Macarons de piñones y helado de "carapino"

¡Escuchar "carapino" y estremecerme todo es una!
No soy yo muy de helados, de hecho puedo pasar años sin comerlos. Como mucho los días de calor extremo un polo de horchata suele calmar mi ansia heladera.
¡Pero el helado de "carapino" es de otro mundo!

INGREDIENTES:
  • helado de nata o vainilla
  • piñones, muchos piñones
  • sirope de caramelo


Ni siquiera sé cómo se llama en otros lugares, ni si se elabora o no. Yo lo probé en Málaga, y desde entonces no puedo vivir sin él: nata, piñones y caramelo.

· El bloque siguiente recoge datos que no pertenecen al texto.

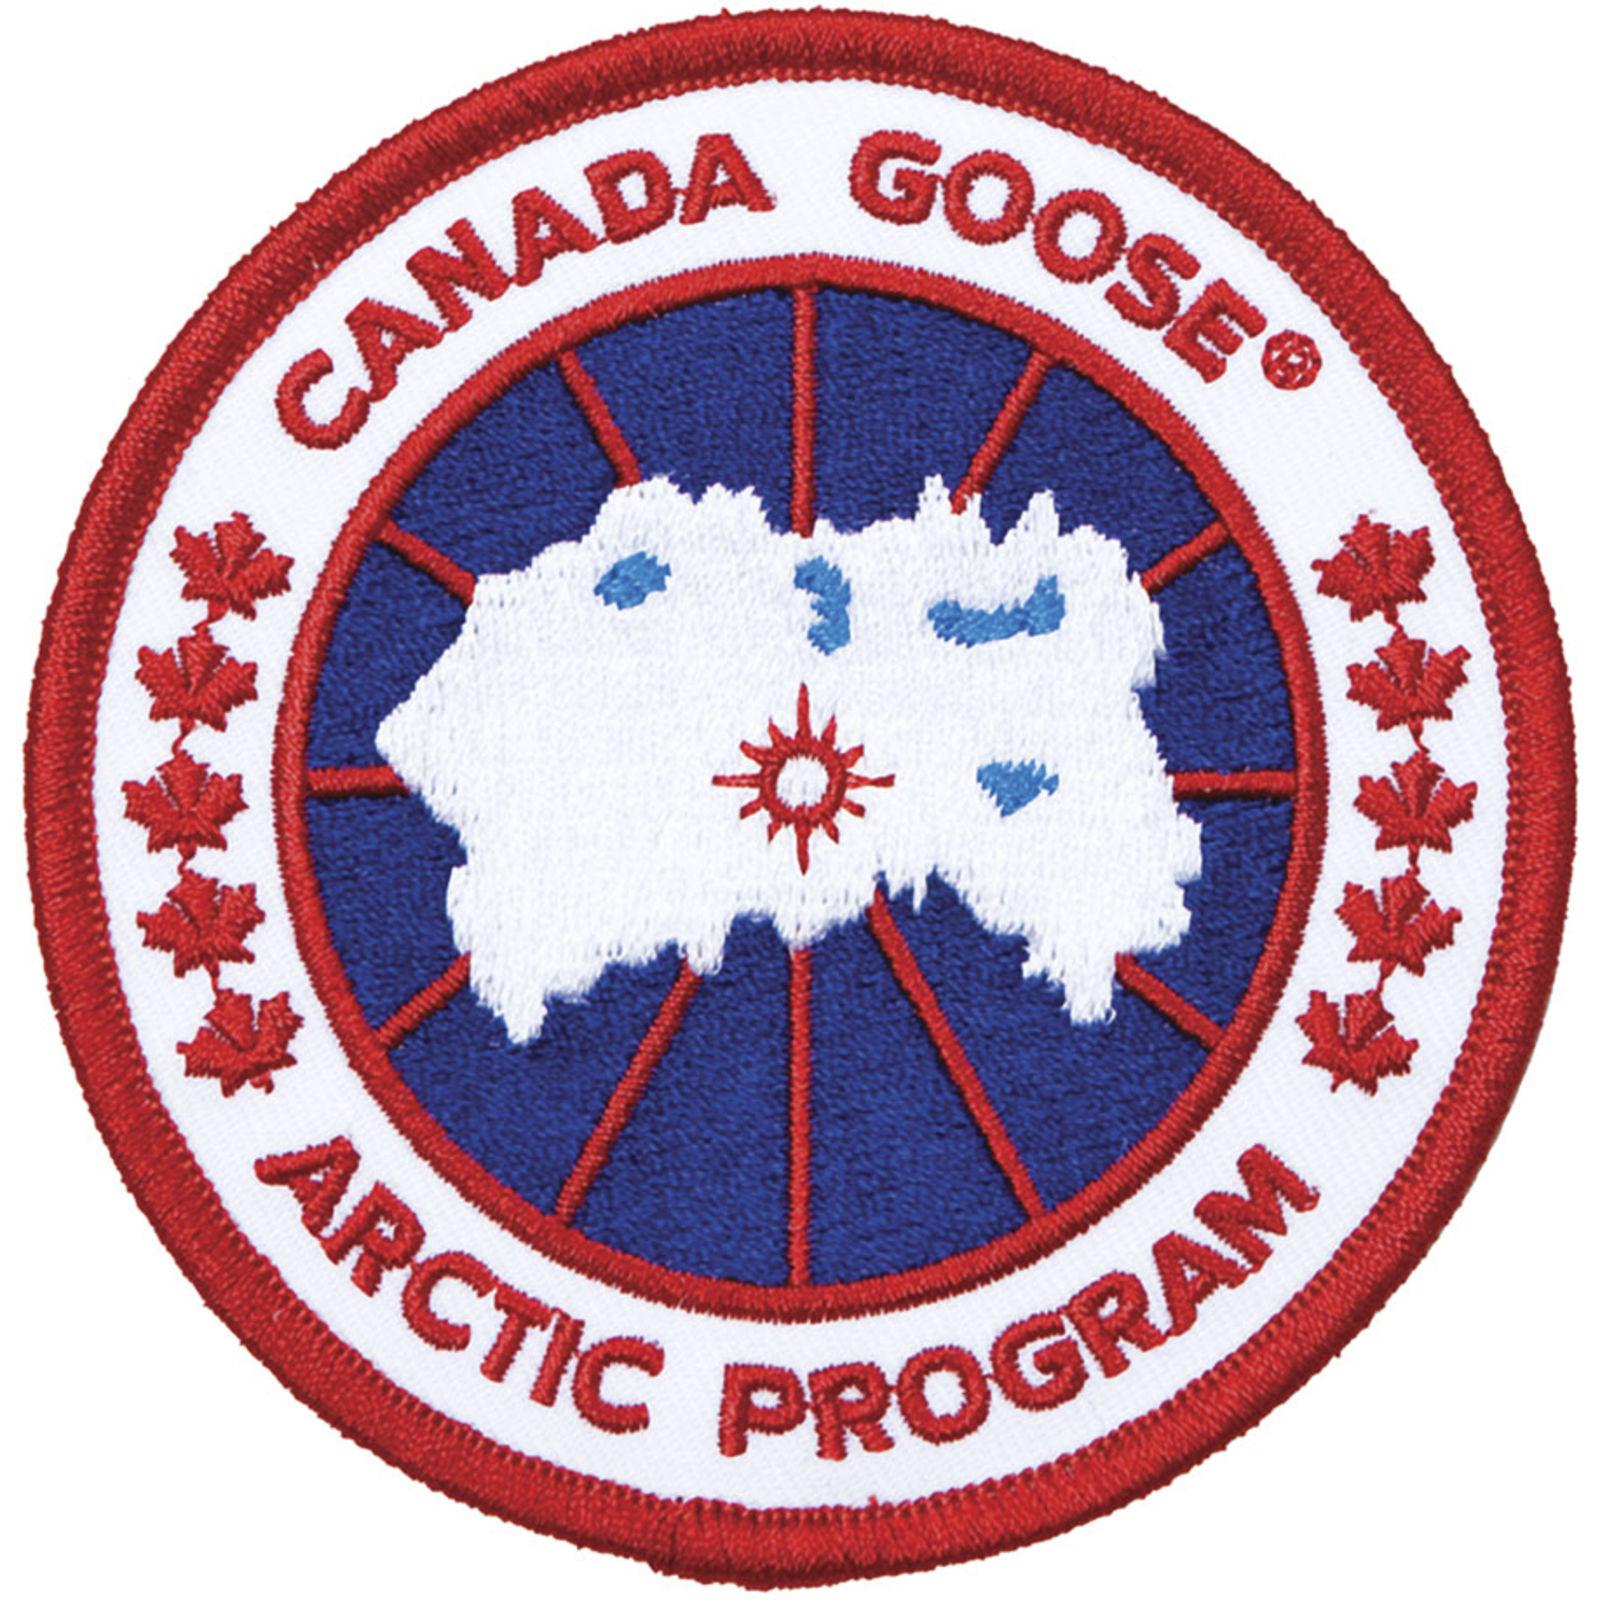 CANADA GOOSE (Image 1)

No hay mayor secreto.
Para hacerlo en casa la opción vaga es comprar un helado de nata o de vainilla (yo esta vez he optado por una vainilla muy rica de una heladería nueva cercana a casa). La opción ideal sería hacer nuestro propio helado en una heladera, pero con  hacer macarons ya tenemos bastante!
Tostamos un buen puñado de piñones en la sartén, y cuando digo lo de "un buen puñado" debe ser así. ¡Sed generosos!
Integramos bien los piñones una vez tostados con el helado e incorporamos sin integrar del todo para que quede "a vetas"  el sirope de caramelo. Metemos en el congelador y reservamos.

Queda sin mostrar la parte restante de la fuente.